As I lay in bed Mom was patting me, and I put my hand on hers, thinking. Regardless of my reception at school, my next encounter with Worthington was likely to be this morning when he found himself in The Program. I was willing to bet he'd suspect I had something to do with him walking the halls naked for the next week.

Then I thought again. IF he walked the halls. I didn't recall ever seeing him away from his office. What the hell did he do in there all day? He didn't pick program participants, that was apparently done by Vice Principal Devers and others farther up the food chain. But he was supposed to be overseeing us. You'd think he'd be out keeping an eye on how the participants were doing. The only thing I could think was that he sat there in his converted closet like some kind of a troll, waiting for someone to report an alleged Program violation, when he'd leap into action.

Yeah, right. Like he'd done with Peggy. "Worthless"ton seemed particularly appropriate if that was the case.

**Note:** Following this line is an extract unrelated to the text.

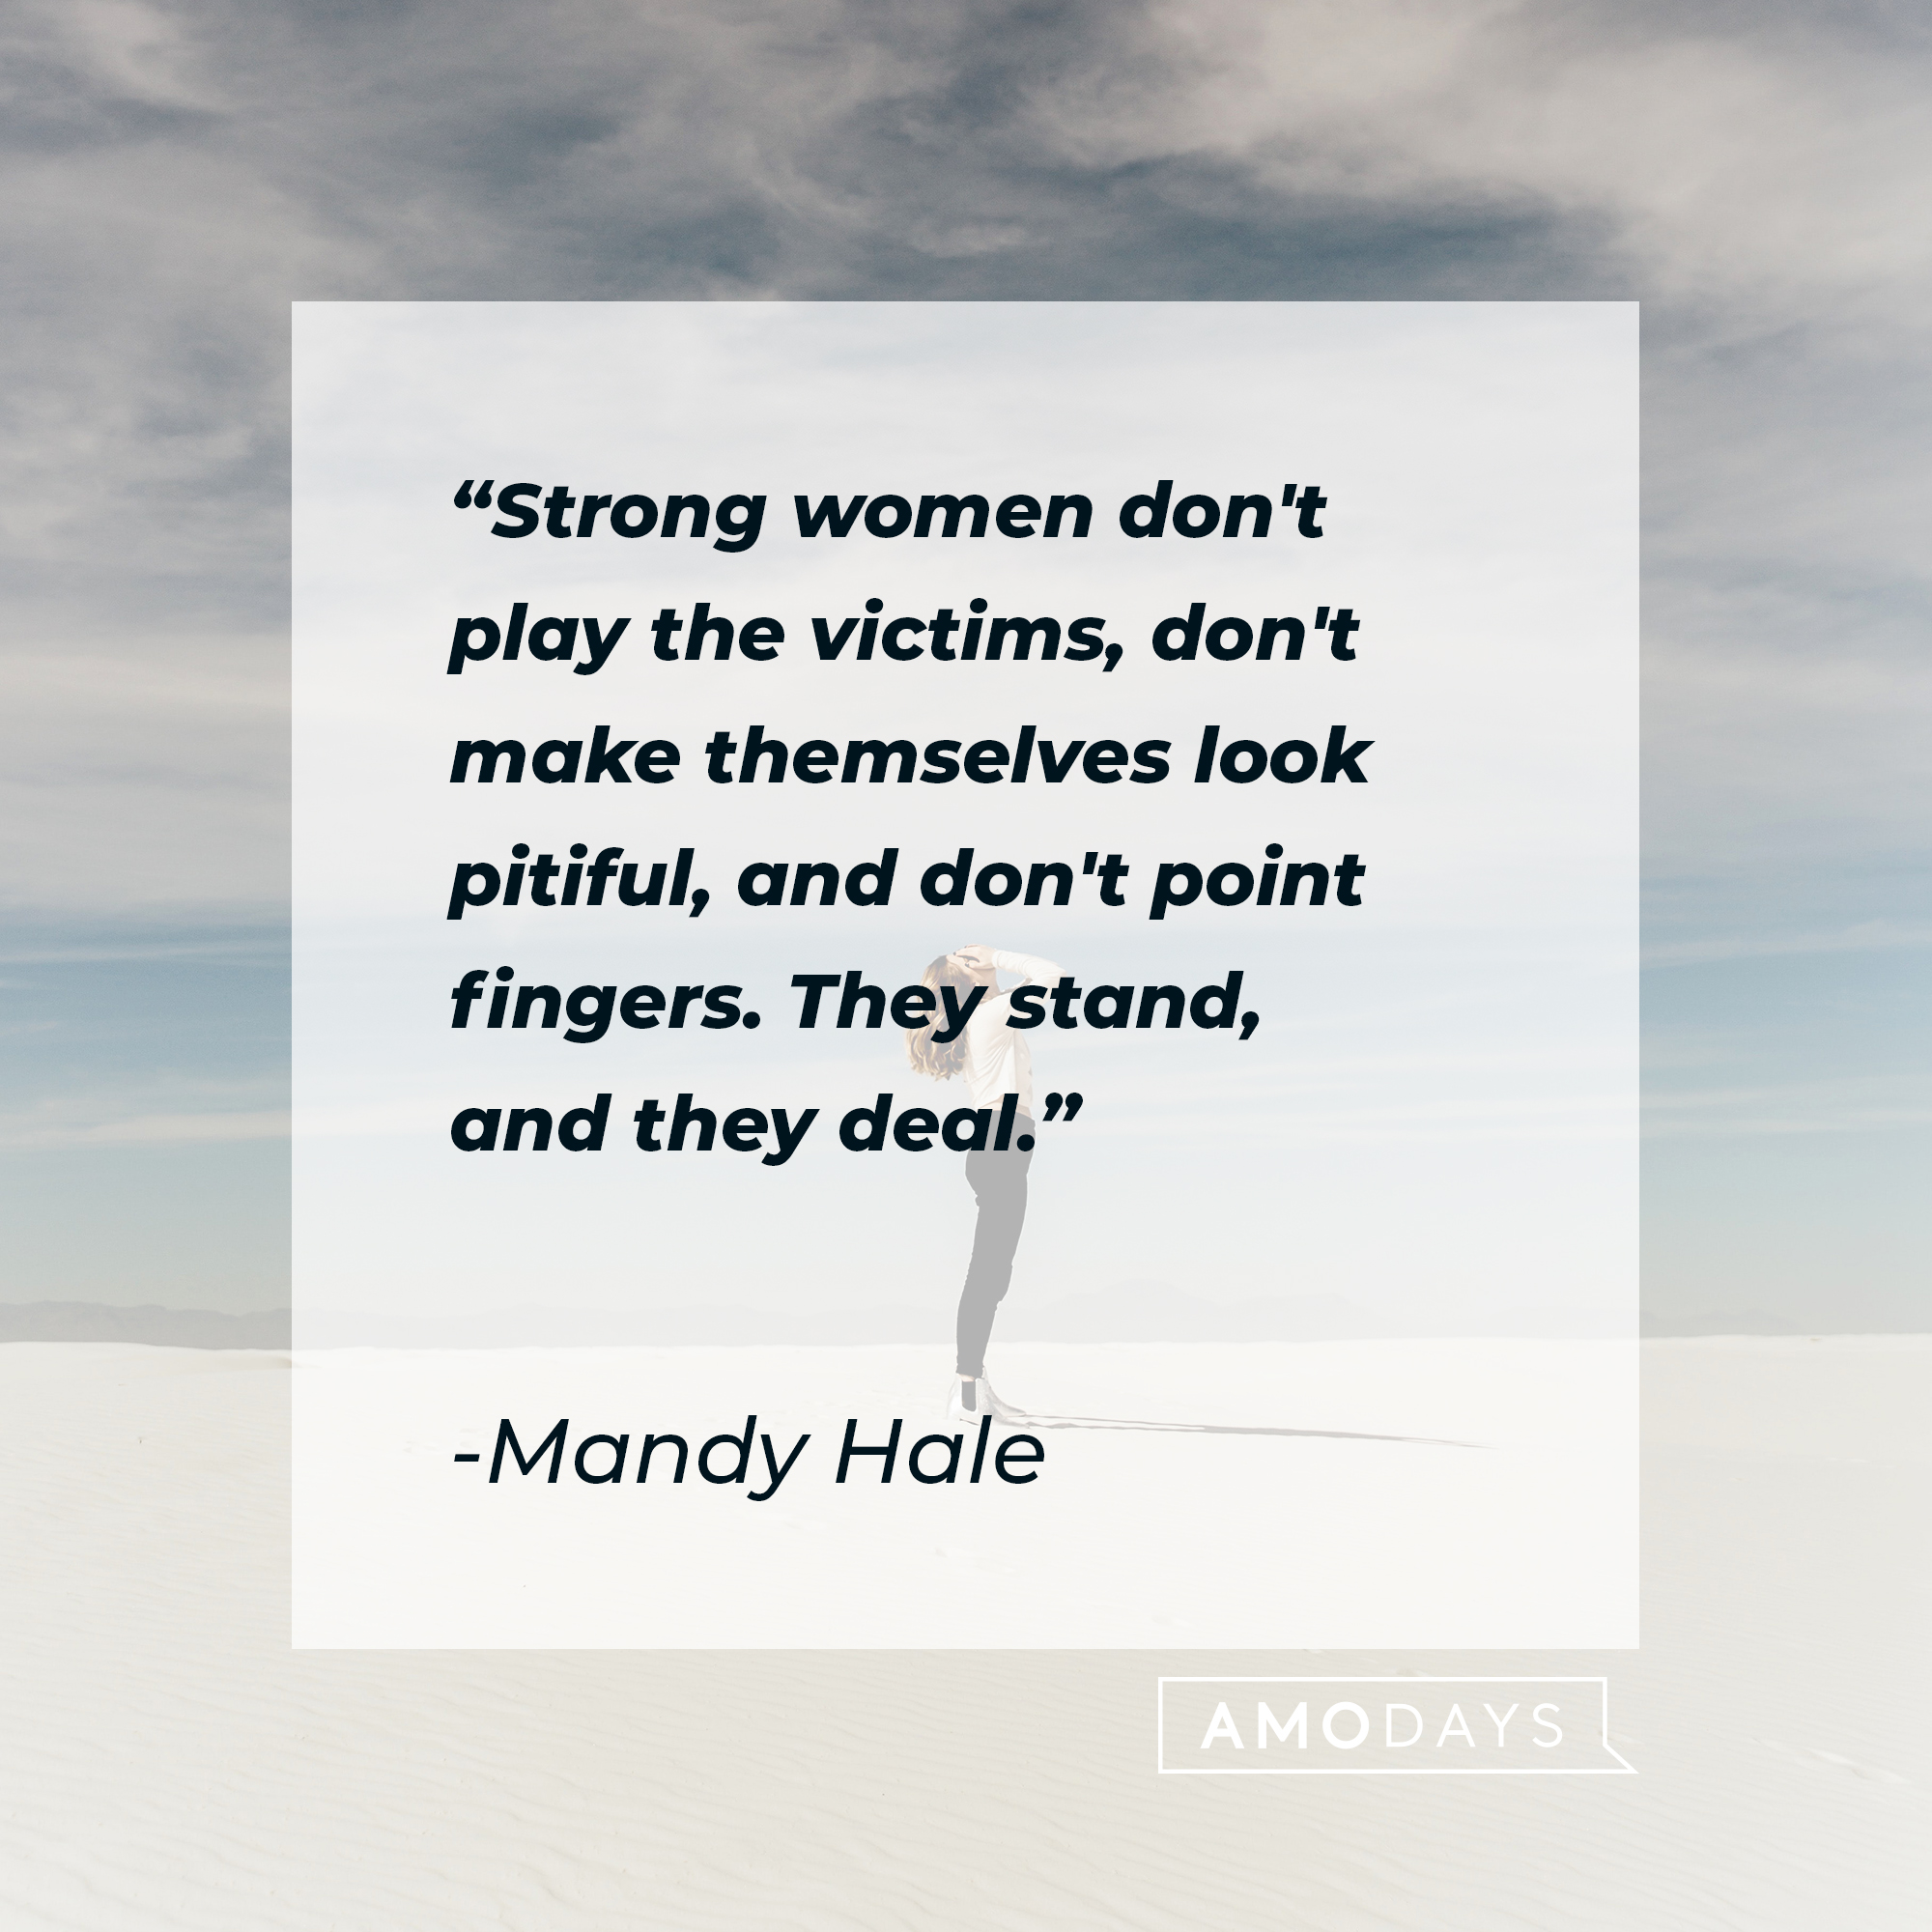 Mandy Hale's quote: "Strong women don't play the victims, don't make themselves look pitiful, and don't point fingers. They stand, and they deal." | Image: Unsplash.com

Yeah, I'd promised not to call him that, but I could still think it.

I worried, too, about Missy, thinking I should have discussed her history with Mrs. Devers instead of assuming the Vice Principal had known about it. Maybe if I got to school in time to be there when she came out nude...

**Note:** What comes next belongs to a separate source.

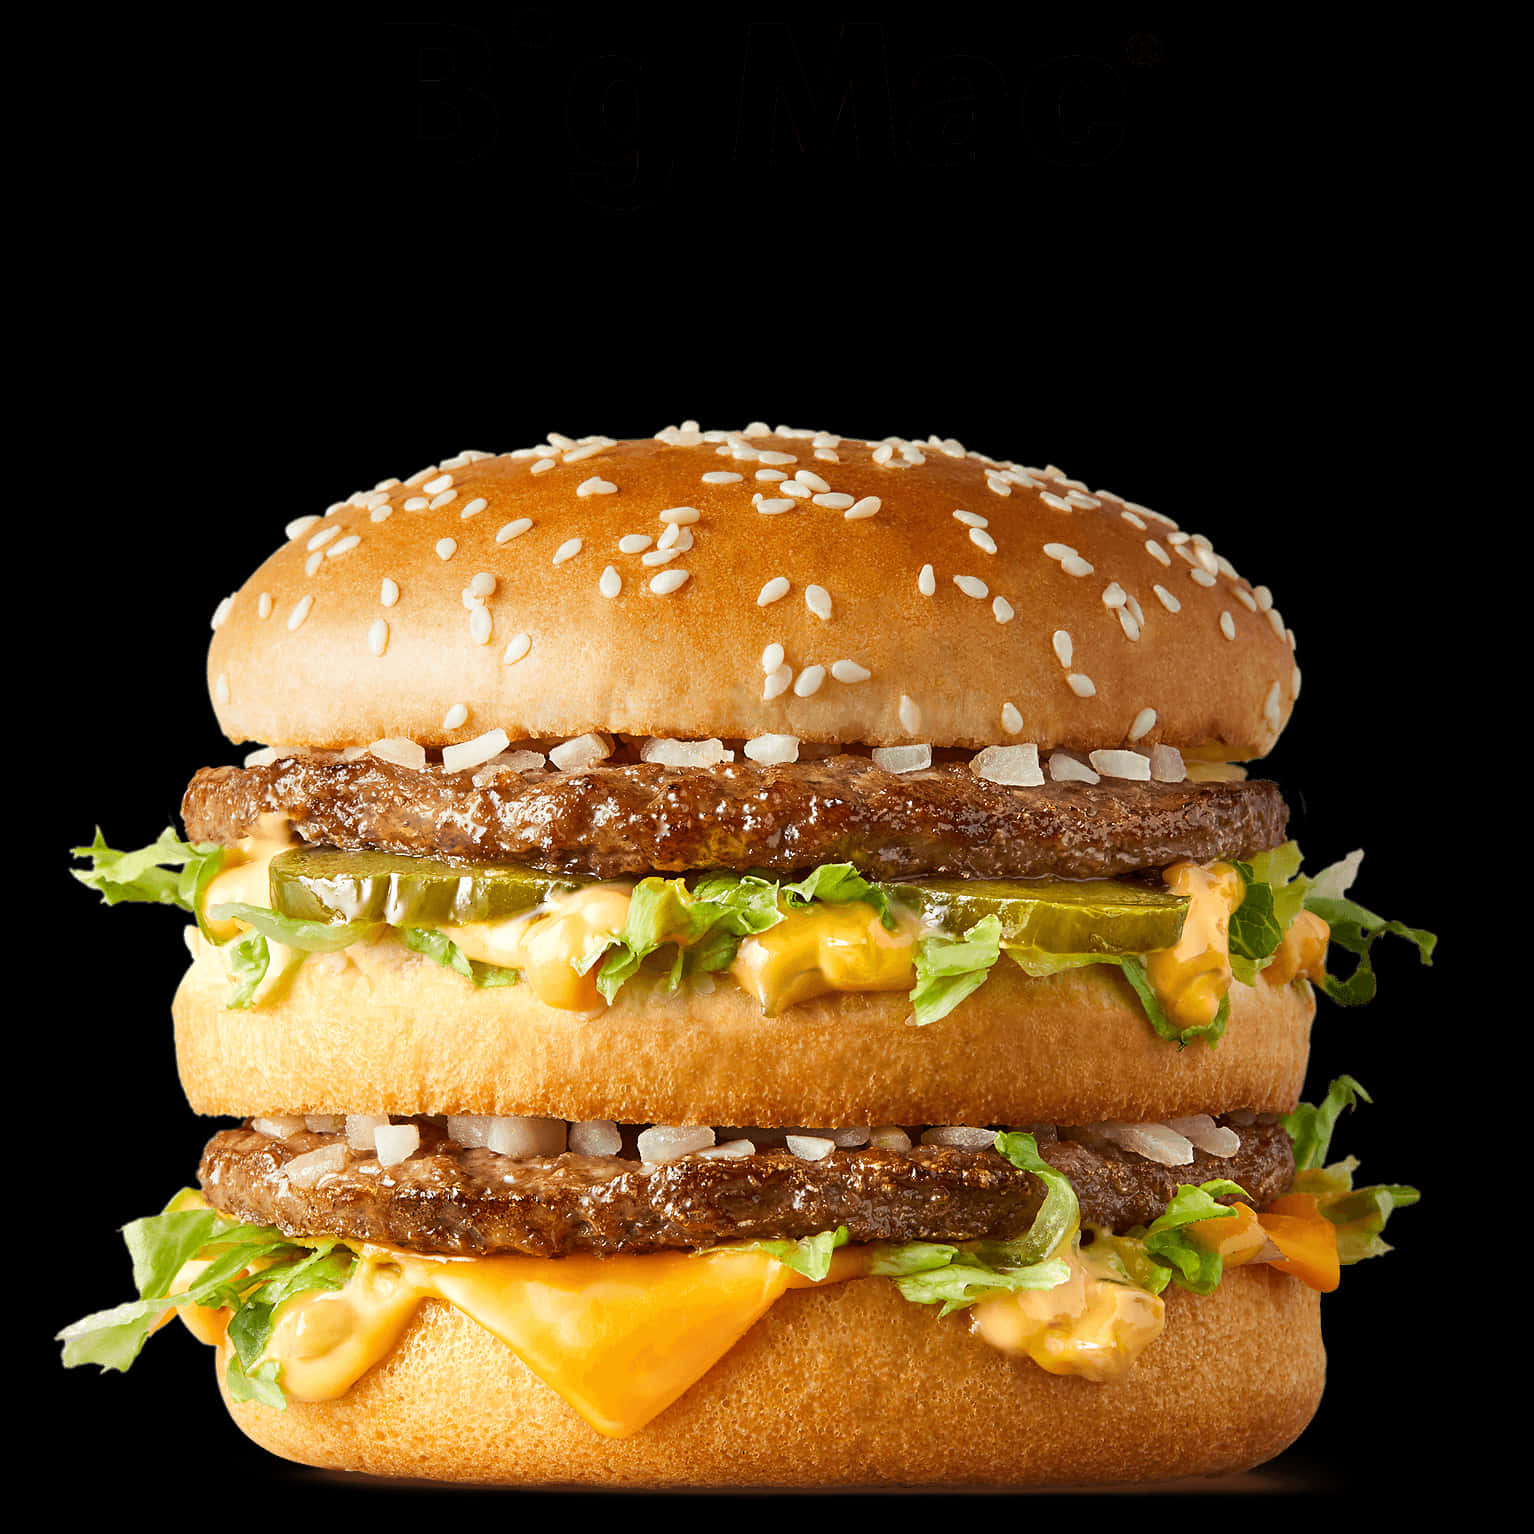 Delicious McDonalds food ready for you to enjoy.

All this thinking made me antsy and I was ready to get up and face the day -- well, as ready as I'd ever be. "Time to get up, I guess."

"Usual breakfast?" Mom asked as she got off my bed.

"Extra French toast?" I asked hopefully, swinging my feet over the side. Nothing short of total Armageddon could affect my appetite.

"I'd say you've earned it," she agreed kindly. "Now get a wiggle on."

I wiggled my naked butt to the bathroom, meditating on my uniform for the day. A suit of armor might be appropriate, but last week I'd sent it out to be oiled and have the dents taken out. While there was no rule said I couldn't go to school naked, after my weekend that didn't appeal to me. The dog collar definitely had to go. I left that decorating the back of the toilet before stepping under the shower. I didn't want any hint of what I'd been wearing in the park yesterday to taint my image more than it already was tainted.

Back in my room, I stood in front of my closet. What to wear, what to wear? I contemplated my reflection in the mirror.

Amazingly, the activities hadn't left a mark on me.

I didn't want to stand out -- which was hard enough already, with me towering over most of the school -- but did want to look confident and mature.

Yeah, right. I've got my fourteenth birthday coming up, I spent Sunday in the park playing doggie style fetch with a Frisbee, and I'm s'posed to look mature.

I went with modest shorts, a nice permanent-press short-sleeved blouse -- instead of my usual tee -- and a full set of underwear including a bra I didn't really need. It was uncomfortable, but I deserved to suffer.

I even tried to tame my hair.

"You look very nice this morning," Elaine observed when I appeared in the kitchen door, the air rich with the mouth-watering scent of French toast, hot maple syrup and broiling bacon. Mom had gone all out for me, as usual.